Another way technology could benefit local economies would be to bring manufacturing jobs to the Mountain West states where land is plentiful and tax incentives are available. Computer manufacturing provides the potential for reliable jobs. Offering locally made computers to small tech businesses would create partnerships within local communities and potentially spur a tech revolution in the Mountain West. This localization of e-commerce and other internet services would result in an economic boost for everyday people, and states in general, as money formerly sent out-of-state returns to the local communities.
This is another application of the innovative spirit of Internet entrepreneurship, where everyone’s idea has the ability to contribute to the marketplace, and not be overwhelmed by monopolies.
These reforms are not pipedreams; they are absolutely possible. Data protection without Congressional action, after all, was merely a pipedream until California stepped up and took action.

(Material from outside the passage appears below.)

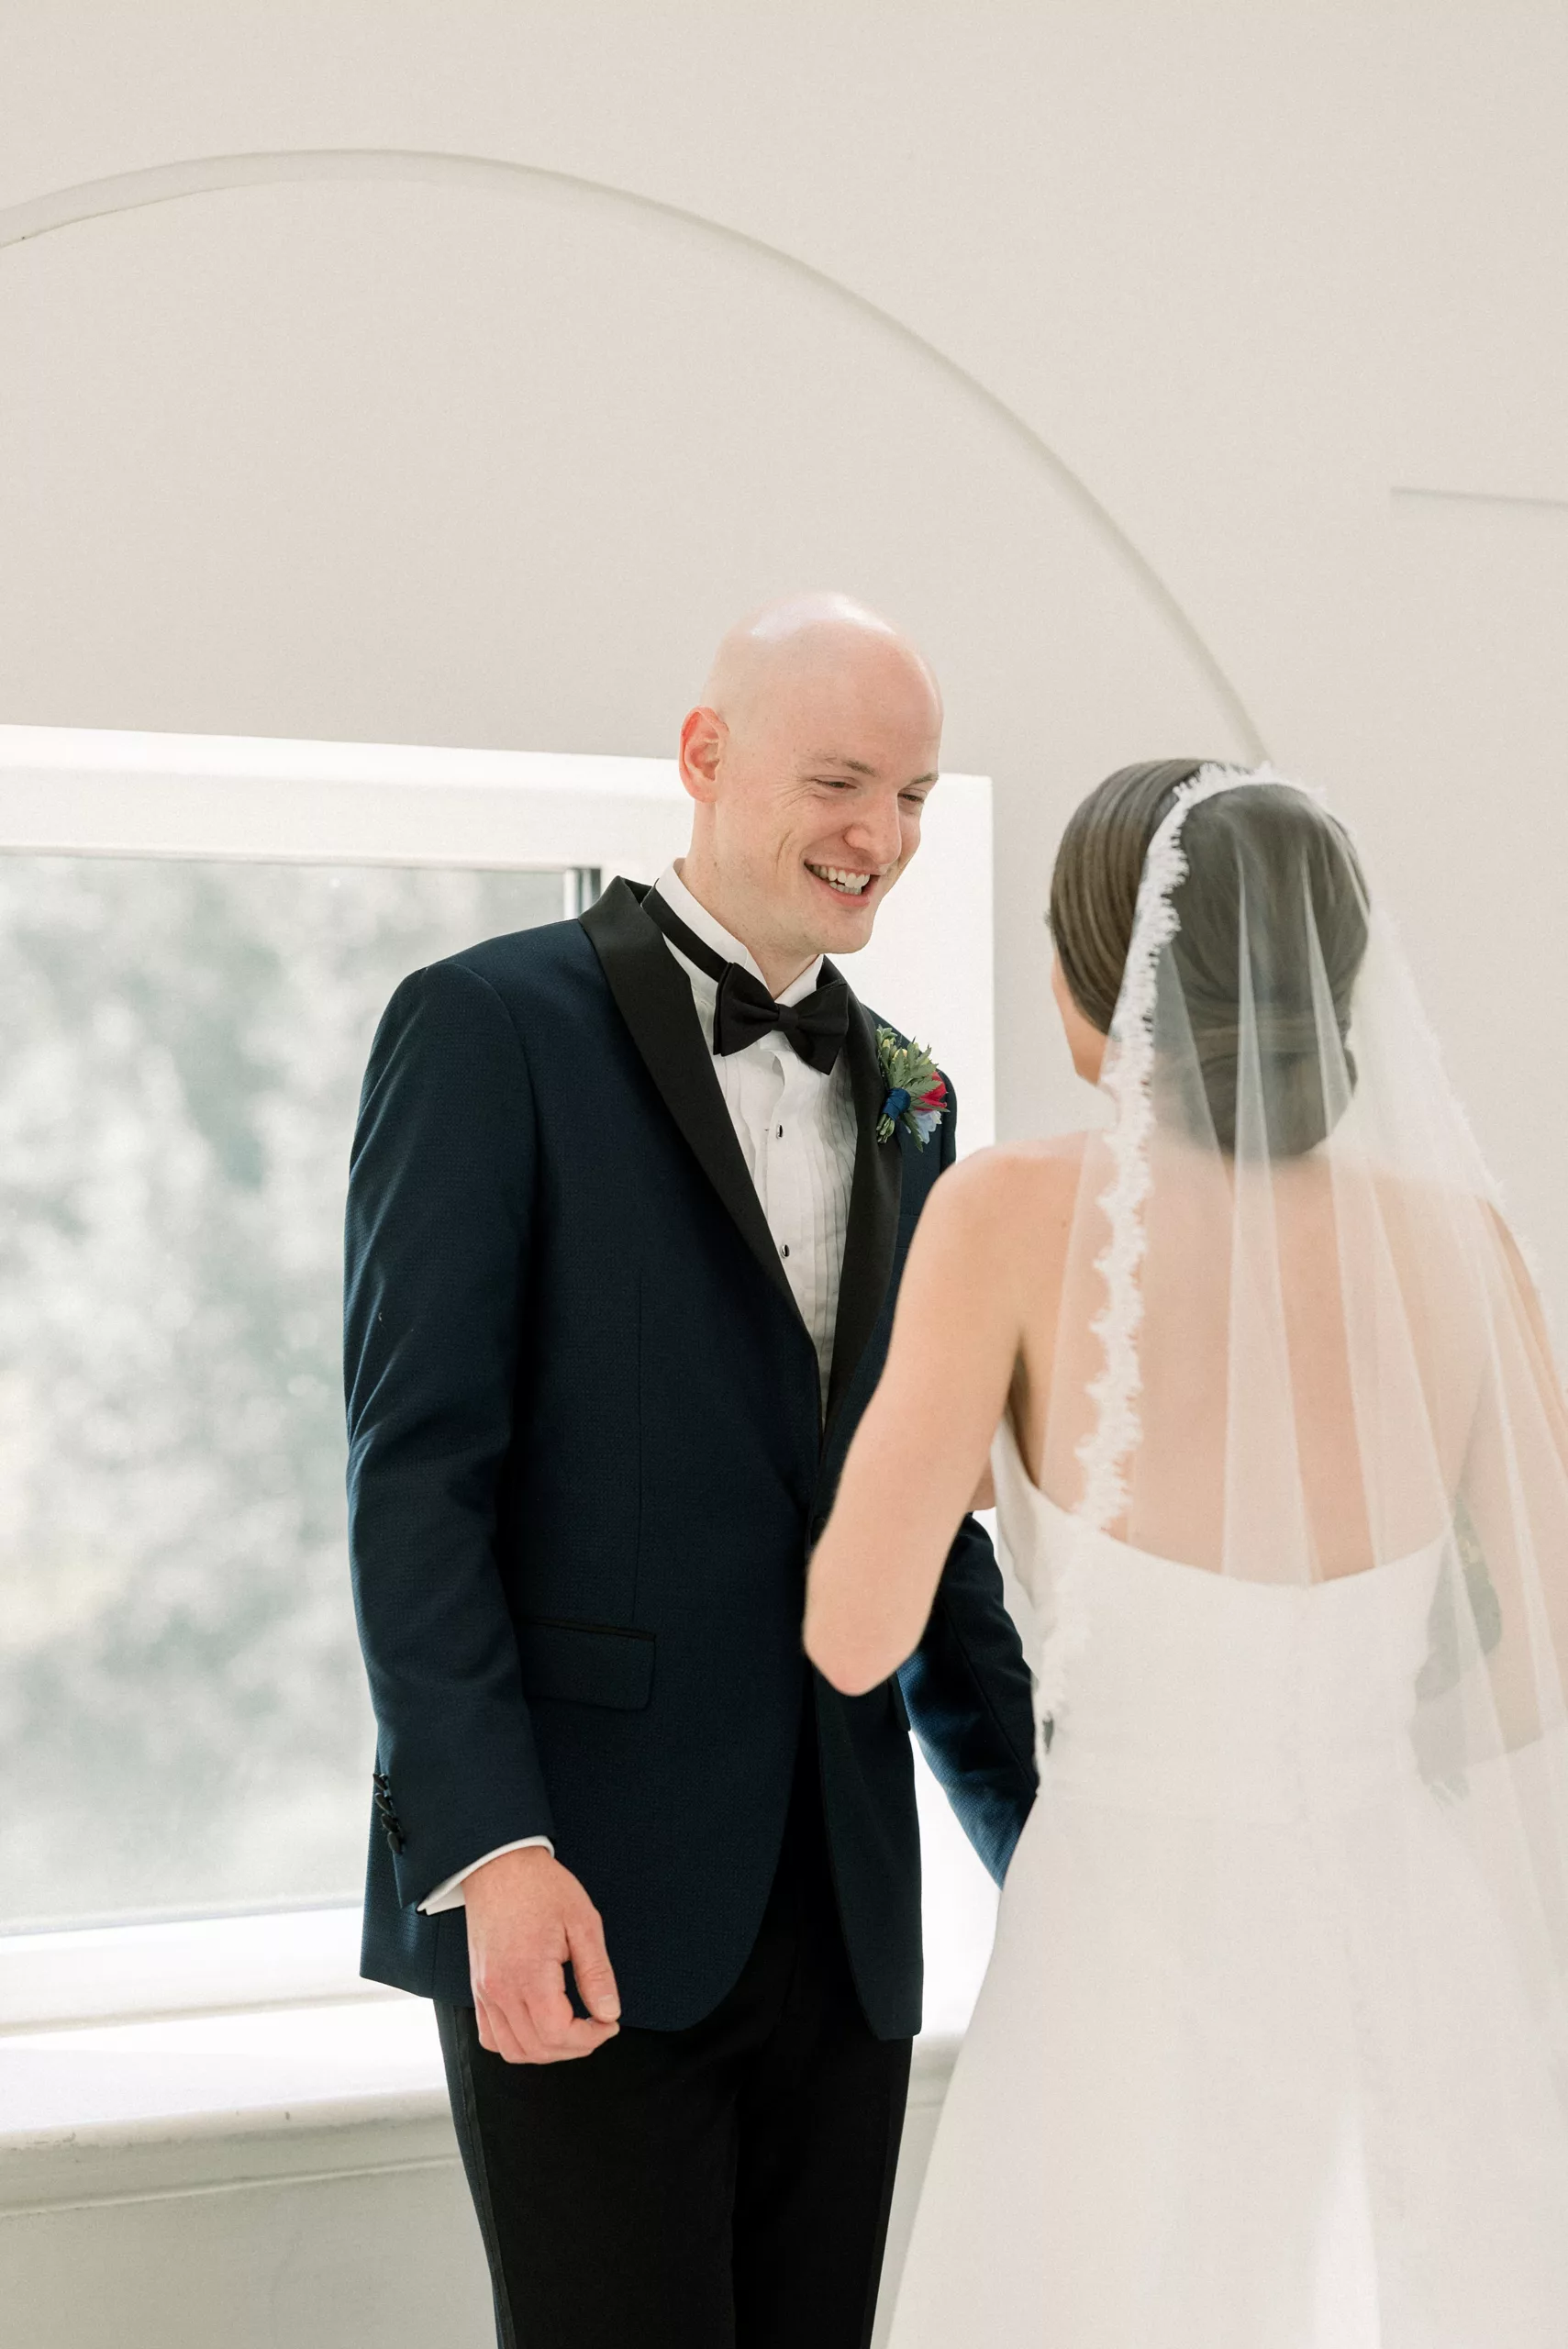 A groom smiles big as he sees his bride in her dress in a white room in front of a window
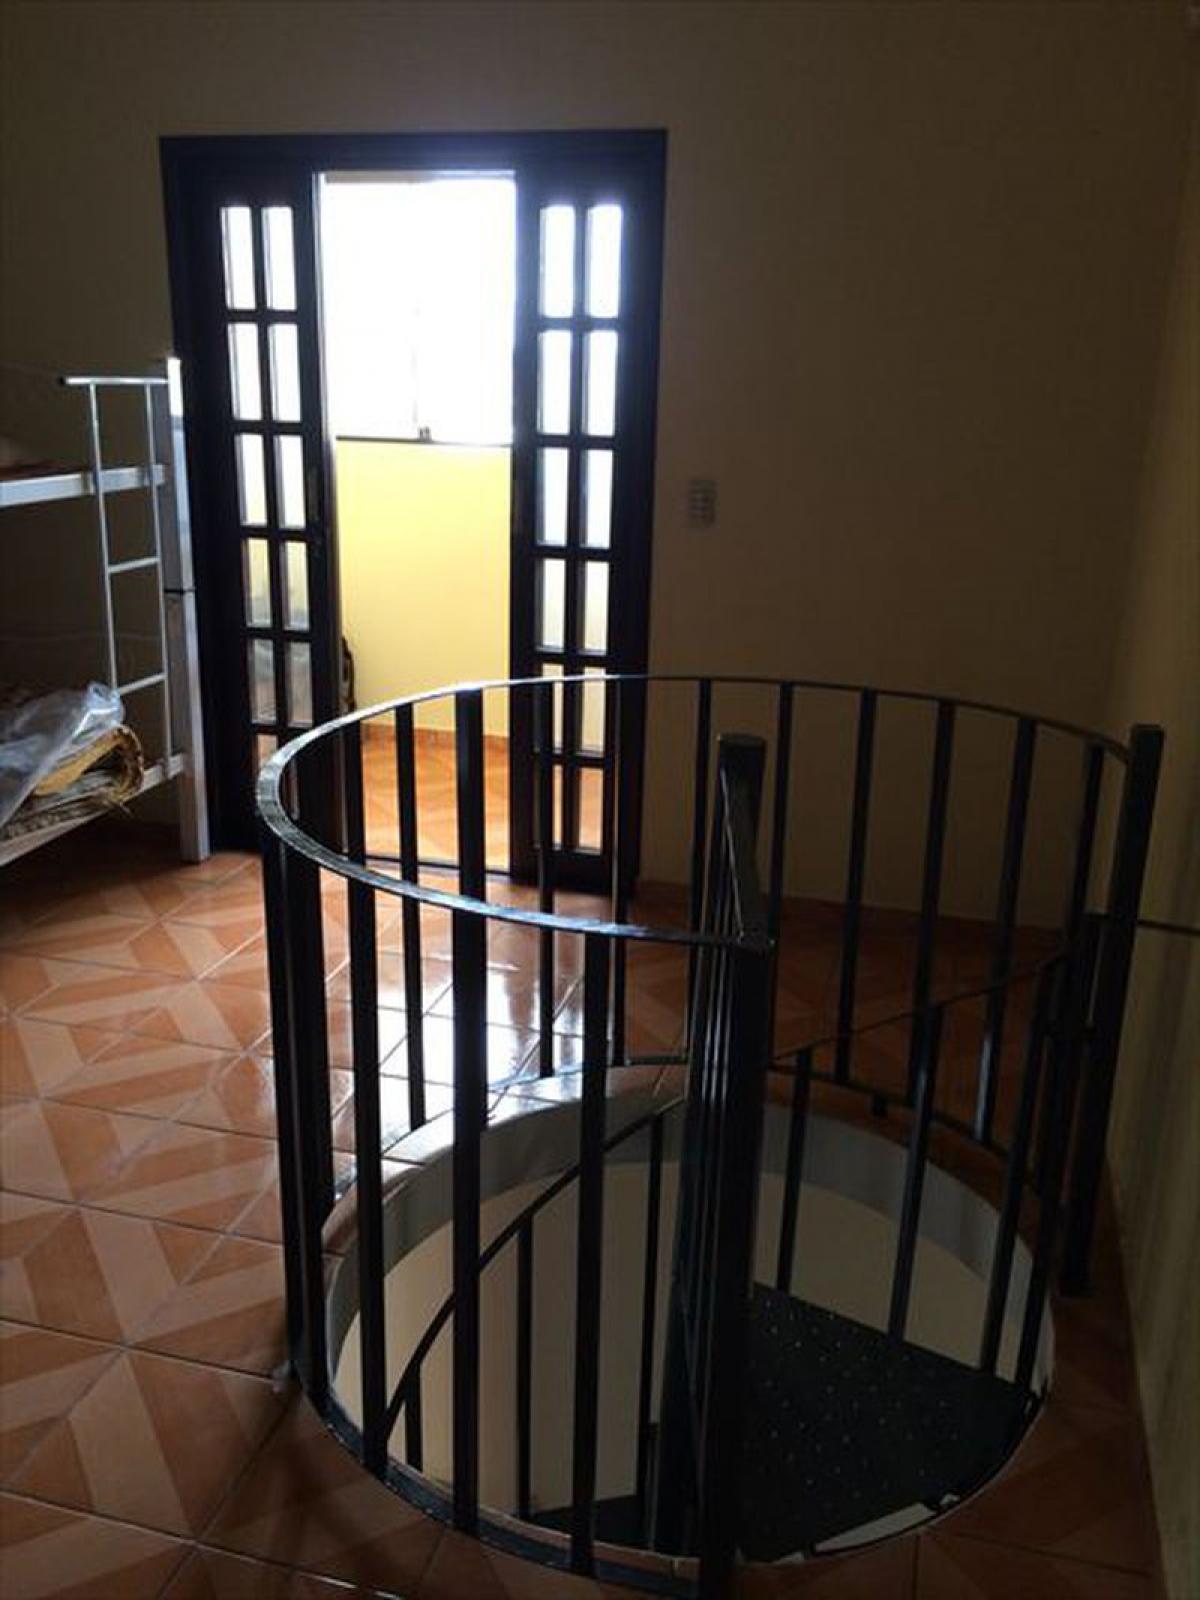 Picture of Townhome For Sale in Jacarei, Sao Paulo, Brazil

It is a fair point to consider the implications if the costs to big tech companies exceed the benefits gained by remaining in these markets. What happens if big tech decides not to comply or to leave California entirely? The solution is not surrender; instead, other states should up the stakes.
California represents 39 million citizens. However, the entire Southwest (and beyond) has significant economic ties to the Golden State, as seen during the current COVID-19 crisis. Five states (California, Colorado, Nevada, Oregon, and Washington) banded together in the Western States Pact (WSP) to coordinate pandemic responses, because of their interconnected economies. The WSP represents more than 60 million people, comprising the entire West Coast and some of the most innovative regions in the U.S., and provides an already-existing framework for implementing tech reform initiatives. Its massive bargaining power transforms adherence to these regulations from a highly-favorable option to a virtual necessity to operate in the U.S. More states could join this new “fair tech coalition” when they see its economic benefits.
If Congress refuses to take action to reform the 21st century’s most important economic sector, that role falls to the states. It is time for Nevada’s Legislature to revolutionize tech and build a fairer, more competitive, and sustainable system, blazing a digital trail for the rest of the nation to follow.